I hate to say it but at that price point, it had better include full calibration controls. I can't see paying $1600+ more for just a touch screen. Especially if they will be tossing out 'image fidelity' with this product like they did with the Darblet.


----------



## Tonto (Jun 30, 2007)

What are the chances to get a model to review?

How did you come by the Darbee that you did review?


----------



## lcaillo (May 2, 2006)

We are not likely to be one of their favored reviewers, because unlike most others, we have pointed out both the positive and negative aspect of the processing. We were unable to get a sample for review for the Darblet, so I doubt we will get one of these. In the case of the Darblet review, I purchased the unit, evaluated it myself, and now it is making its way around to our moderators.


----------



## mechman (Feb 8, 2007)

The Fidelio is scheduled to be released later next year. Chances are the unit shown and the unit released may be very different.


----------



## Tonto (Jun 30, 2007)

Wow, that's going beyond the call of duty (buying one of those things). But there again, that's the kind of serivce that makes this the best forum on the net.

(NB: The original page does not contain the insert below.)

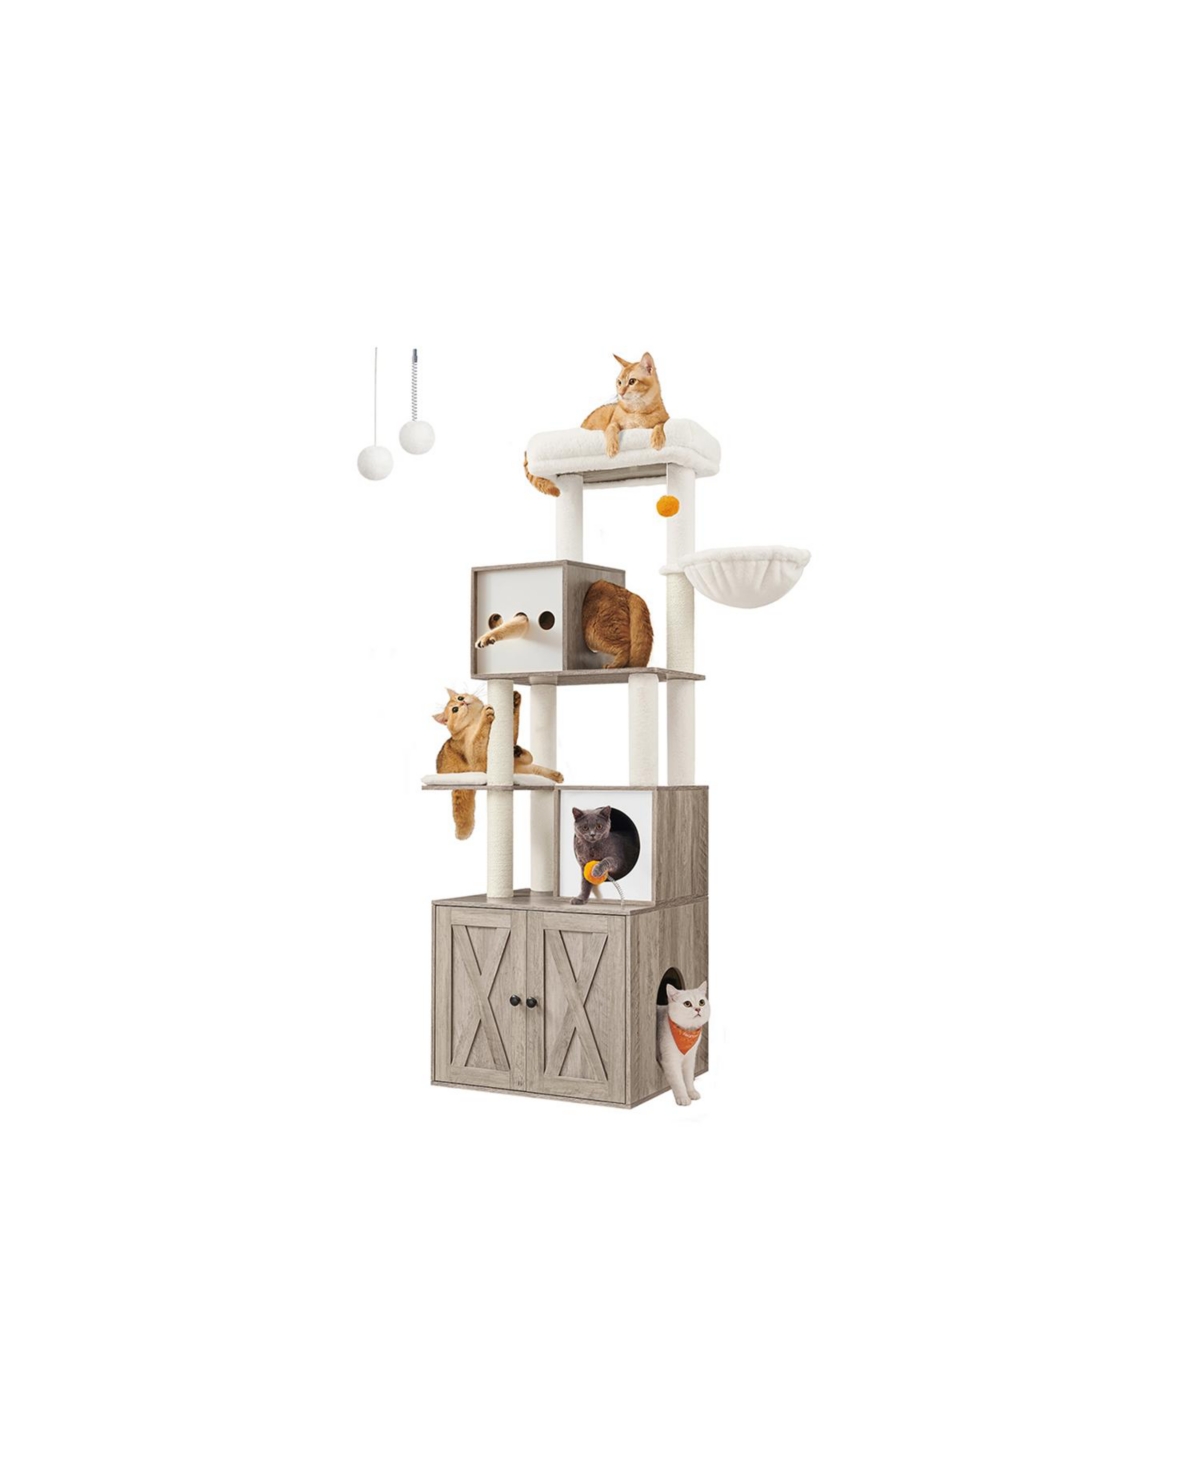 72.8-inch Tall Cat Tree With Litter Box Enclosure, Scratching Posts - Rustic brown
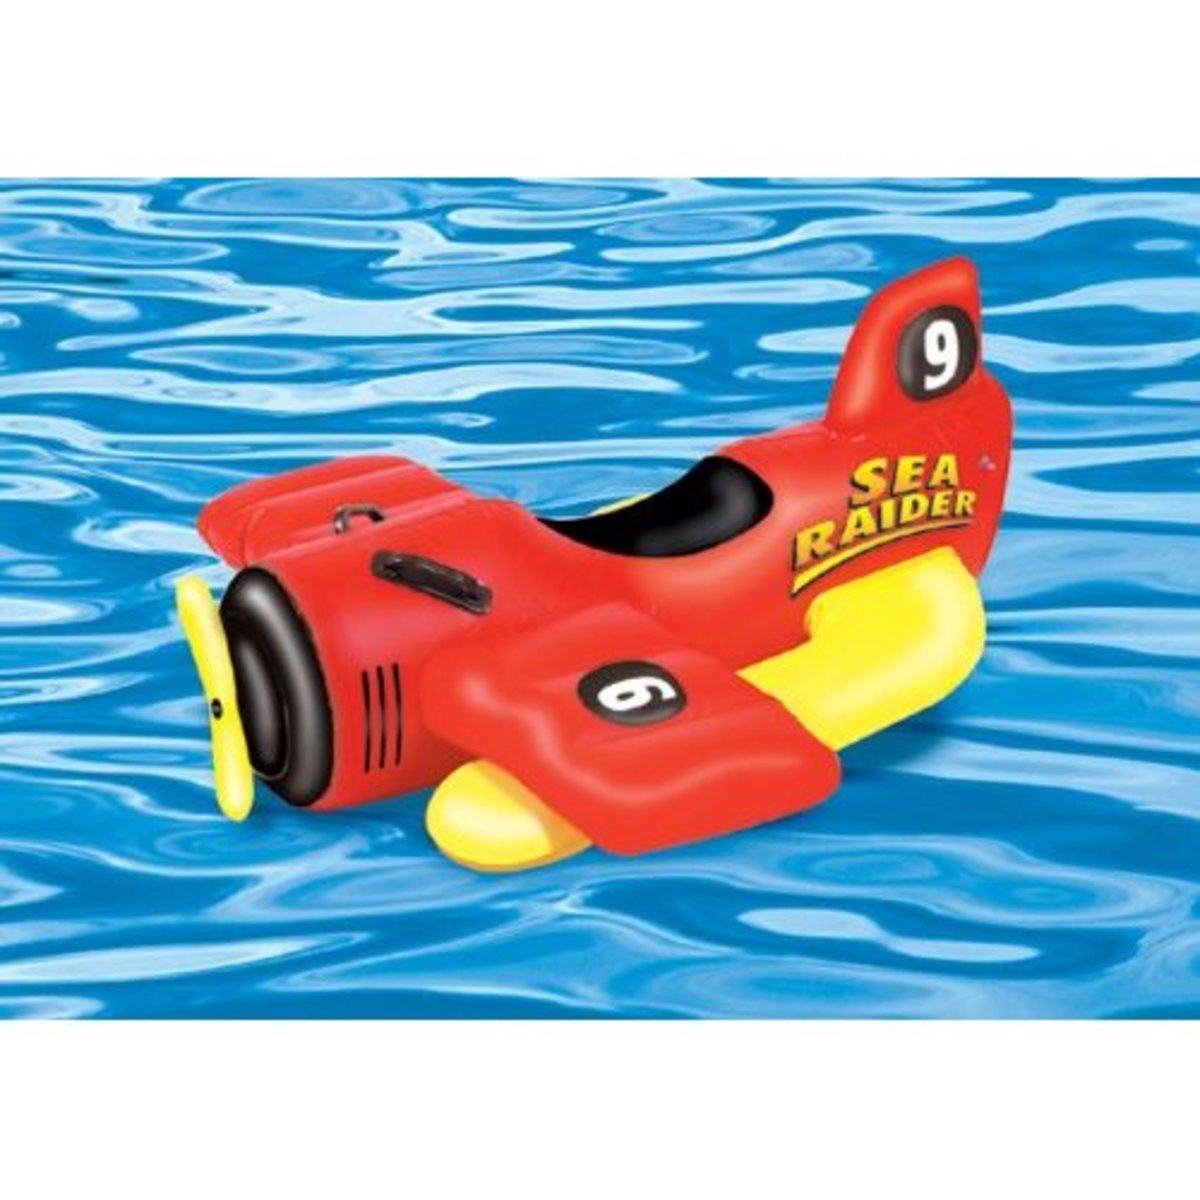 Kids' Pool Toys at Discount Prices!

Still, as posted earlier, wont 4K do away with the need for such a device?


----------



## dmiller (Aug 7, 2012)

Tonto said:


> Wow, that's going beyond the call of duty (buying one of those things). But there again, that's the kind of serivce that makes this the best forum on the net.
> 
> Still, as posted earlier, wont 4K do away with the need for such a device?


Those who have seen it on 4K monitors were still impressed with the effect. Resolution is only one part of the equation.


----------



## lcaillo (May 2, 2006)

Tonto said:


> Wow, that's going beyond the call of duty (buying one of those things). But there again, that's the kind of serivce that makes this the best forum on the net.
> 
> Still, as posted earlier, wont 4K do away with the need for such a device?


The Darbee processing does not deal with resolution. It expands dynamic range in middle luminance levels discretely in small segments of the image. The result is more apparent clarity in the affected areas but not really a change in resolution. What it does is not one of the normally measured parameters of image quality so other improvements in displays can continue and not really affect the value of the darbee process. That is if you like it.

I'll get the Darblet back some day, hopefully, and will use it on some things, so buying it was not a big sacrifice. I don't particularly miss it greatly either, so it works out. As I said initially, it is just not of great interest to me, nor to others on the forum in terms of what it does. I find it very interesting as a technology and discovering where it applies best is my goal. Lots of people like it, so it is worthy of understanding at the very least.


----------